I think that what we as Christians have in common is vital. We share Christ as a savior and life-giver--and "forgiver." Christ, as our elder brother, paved the way to life for us to follow. Each of us follows--and is allowed to follow--her or his own gait when following but to minimize the importance of the commonality is to stray from the path, which each of us desperately needs to stay on. Those who stay on the path realize that the "uncool" father gets smarter as time goes on.

Unknown said...

I disagree that there's "one" path. In fact, that's exactly what's at stake here for me (and for the world). How can you explain the diversity of Christologies, the immense amount of denominations making polar claims all in "Christ's name"?? I'd rather we just admit that we are ALL interpreting Jesus for our own ends.

I think what we have in common (and, by extension, what we don't have in common) is less important than how we live.

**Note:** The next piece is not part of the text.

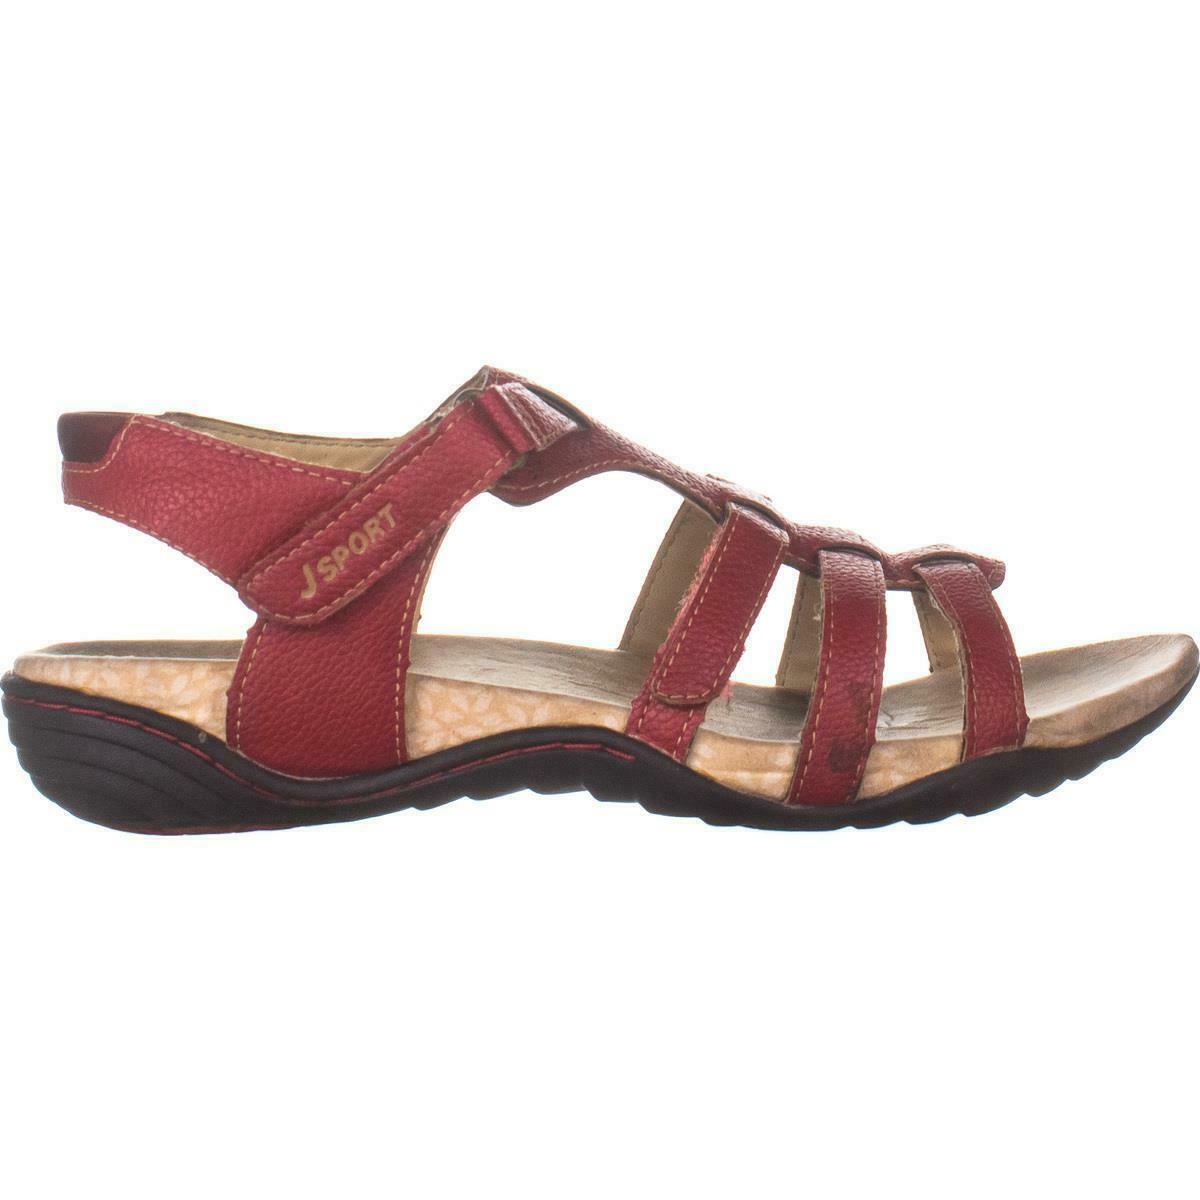 JSport by Jambu Mia Flat Sport Sandals 116, Red, 7.5 US ...

Period.

stevecaks said...

I am beginning to think that we may be saying the same thing but approaching it from different angles.

How I live reveals the path that I am on. How I treat others reveals Christ within me, or not in me. It is what Jesus saw in the Gentile centurian and Syro-Phoenician woman that He did not see in the Pharisees and Sadducees, proud of their status as "chosen." It was true of the "sheep" who did not know they were encountering Christ when they ministered to "the least of these." Implicit in the reply of the "goats" was that they were "trying"--how could they not be on the path.

Denominations do not make one aware of God's path. Some may come closer than others but none have a "corner on the market." The torture that you feel is perhaps a rending of yourself away from devisive denominationalism toward the path of which I speak. If your heart is right, you are on God's path, not necessarily even realizing it. If your heart is elsewhere, the path eludes you, despite your best efforts to find and follow it. The "next best thing" is only a simulation, which might persuade other people for awhile, but doesn't fool God for a second.